Given an undirected graph with a set of nodes V and edges E, A vertex cover of a graph is a set of nodes that includes at least one endpoint of every edge of the graph. The Minimum Vertex Cover (MVC) problem is an optimisation problem that find smallest vertex cover of a given graph.

Load graph from csv#

import networkx as nx
import csv
import matplotlib.pyplot as plt

from mvc import qubo_mvc, qubo_mvc_penalty, mvc_feasibility, mvc_easy_fix, mvc_energy


def load_csv(filename:str):
    """ Load graph from csv file
    """

    with open(filename, 'r', newline='') as f:
        reader = csv.reader(f)
        data = [[int(row[0]), int(row[1]), float(row[2])] for row in reader]
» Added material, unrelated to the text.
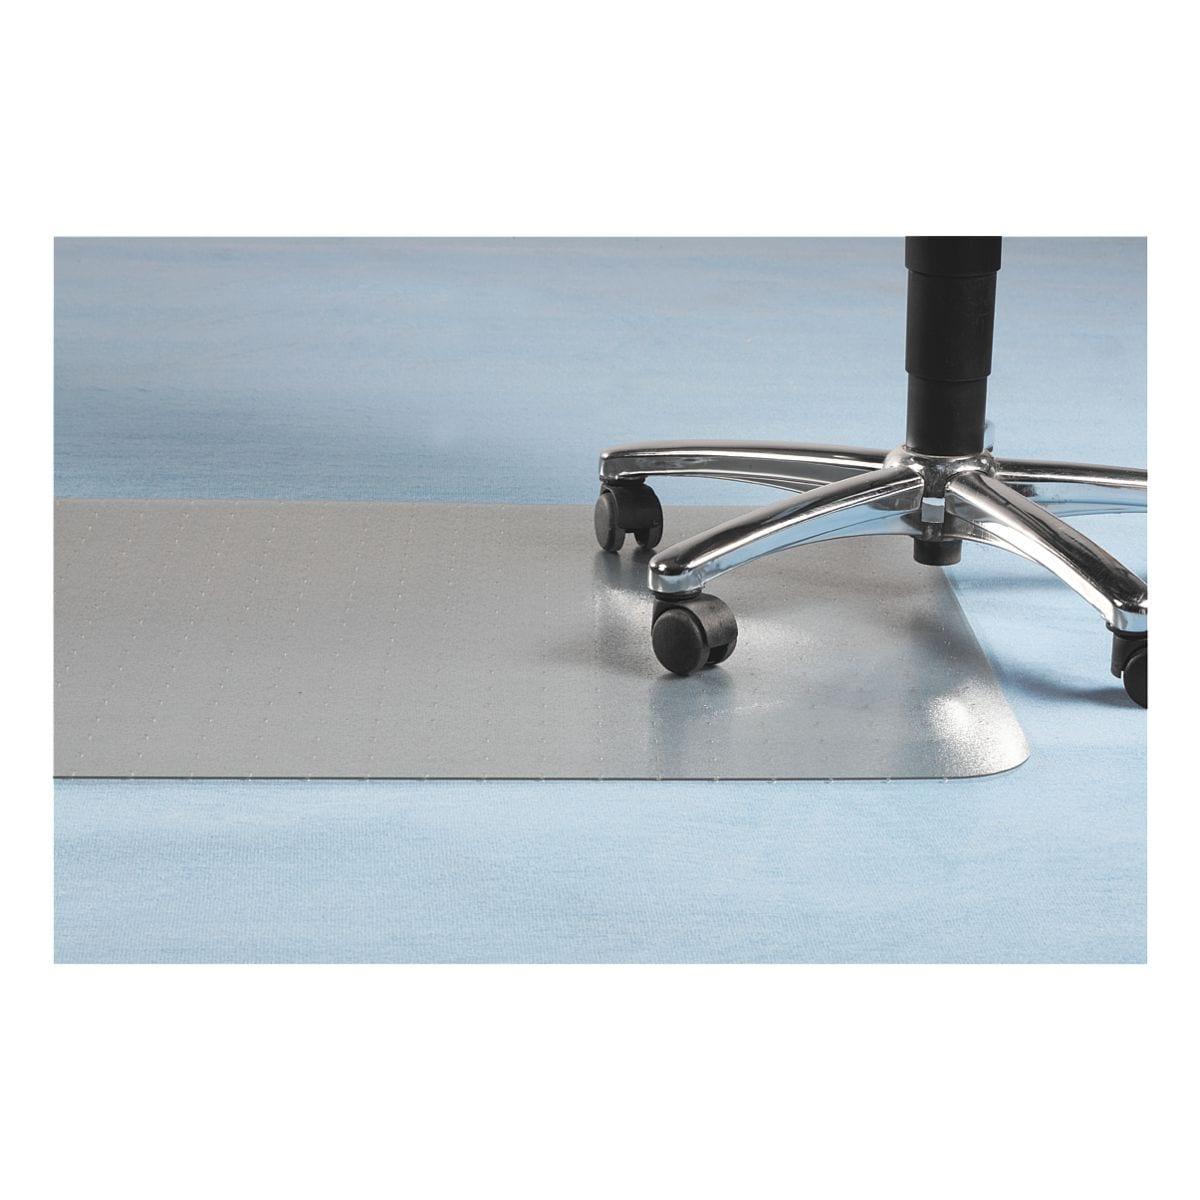 plaque protège-sol pour moquettes, PET, forme spéciale T 120 x 150 cm, OTTO Office Nature Plaque protège-sol pour moquettes

    nodes = [k0 for k0, k1, v in data if k0 == k1]
    edges = [[k0, k1] for k0, k1, v in data if k0 != k1]

    g = nx.Graph()
    g.add_nodes_from(nodes)
    g.add_edges_from(edges)

    node_weights = {k0: {'weight': v} for k0, k1, v in data if k0 == k1}
    edge_weights = {(k0, k1): {'weight': v} for k0, k1, v in data if k0 != k1}

    nx.set_edge_attributes(g, edge_weights)
    nx.set_node_attributes(g, node_weights)

    return g

csv Format:

0,0,0.4696822179283675 1,1,0.6917392308135916 2,2,0.7130420958314817 3,3,0.49342677332980056 4,4,0.49661600571433673 5,5,0.55601135361347 6,6,0.2831095711244086 7,7,0.18737823232636885 0,1,0.98602725407379 1,2,0.935853268681996 2,3,0.23080434023289664 4,5,0.25521731195623476 5,6,0.37096743935296606 6,7,0.04408120693490547 0,2,0.5619060764177991 4,7,0.48402095290884917 1,6,0.7106584134580318

g = load_csv('mvc.csv')
pos = nx.spring_layout(g, seed=1234)
nx.draw(g, pos)
print(f'Number of node is {len(g.nodes)}')
print(f'Number of edge is {len(g.edges)}')
Number of node is 8
Number of edge is 9

QUBO formulation#

Estimate penalty#

penalty = qubo_mvc_penalty(g)
print(f'The penalty is {penalty}')
The penalty is 1.6548482220717595

Formulate QUBO (weighted minimum vertex cover)#

linear, quadratic = qubo_mvc(g, penalty=penalty)
print(f'Number of linear terms: {len(linear)}')
print(f'Number of quadratic terms: {len(quadratic)}\n')
Number of linear terms: 8
Number of quadratic terms: 9

Generate random solutions#

import numpy as np
rng = np.random.default_rng(seed=1234)
random_solution = {i: rng.integers(2) for i in g.nodes}
print(f'The random solution is {random_solution}\n')
The random solution is {0: 1, 1: 1, 2: 1, 3: 0, 4: 0, 5: 1, 6: 0, 7: 0}

Check feasibility#

feasibility = mvc_feasibility(g, random_solution)
print(f'The feasibility is {feasibility}\n')
The feasibility is False

Fix broken constraints#

fixed_solution = mvc_easy_fix(g, random_solution)
print(f'After fixation, the solution is {fixed_solution}\n')
After fixation, the solution is {0: 1, 1: 1, 2: 1, 3: 0, 4: 1, 5: 1, 6: 1, 7: 0}
feasibility = mvc_feasibility(g, fixed_solution)
print(f'The feasibility is {feasibility}\n')
The feasibility is True

Visualisation#

fig, (ax0, ax1) = plt.subplots(1, 2, figsize=(12.8,4.8))
colour_b4fix = ['C1' if random_solution[n] else 'C0' for n in g.nodes]
colour_fixed = ['C1' if fixed_solution[n] else 'C0' for n in g.nodes]
nx.draw(g, pos, node_color=colour_b4fix, ax=ax0)
ax0.set_title(f'Vertex cover in orange before fix')
nx.draw(g, pos, node_color=colour_fixed, ax=ax1)
ax1.set_title(f'Vertex cover in orange after fix')
Text(0.5, 1.0, 'Vertex cover in orange after fix')

Calculate energy#

energy = mvc_energy(g, fixed_solution)
print(f'The energy is {energy}')
The energy is 3.2102004750256556

Hamiltonian of the MVC problem#

ham = hamiltonian_mvc(g, penalty=penalty, dense=True)
[Qibo 0.1.8|INFO|2022-11-01 10:26:19]: Using numpy backend on /CPU:0

Solve the hamiltonian with QAOA#

from qibo import models, hamiltonians

# Create QAOA model
qaoa = models.QAOA(ham)

# Optimize starting from a random guess for the variational parameters
initial_parameters = 0.01 * np.random.uniform(0,1,2)
best_energy, final_parameters, extra = qaoa.minimize(initial_parameters, method="BFGS")
[Qibo 0.1.8|WARNING|2022-10-31 14:14:37]: Calculating the dense form of a symbolic Hamiltonian. This operation is memory inefficient.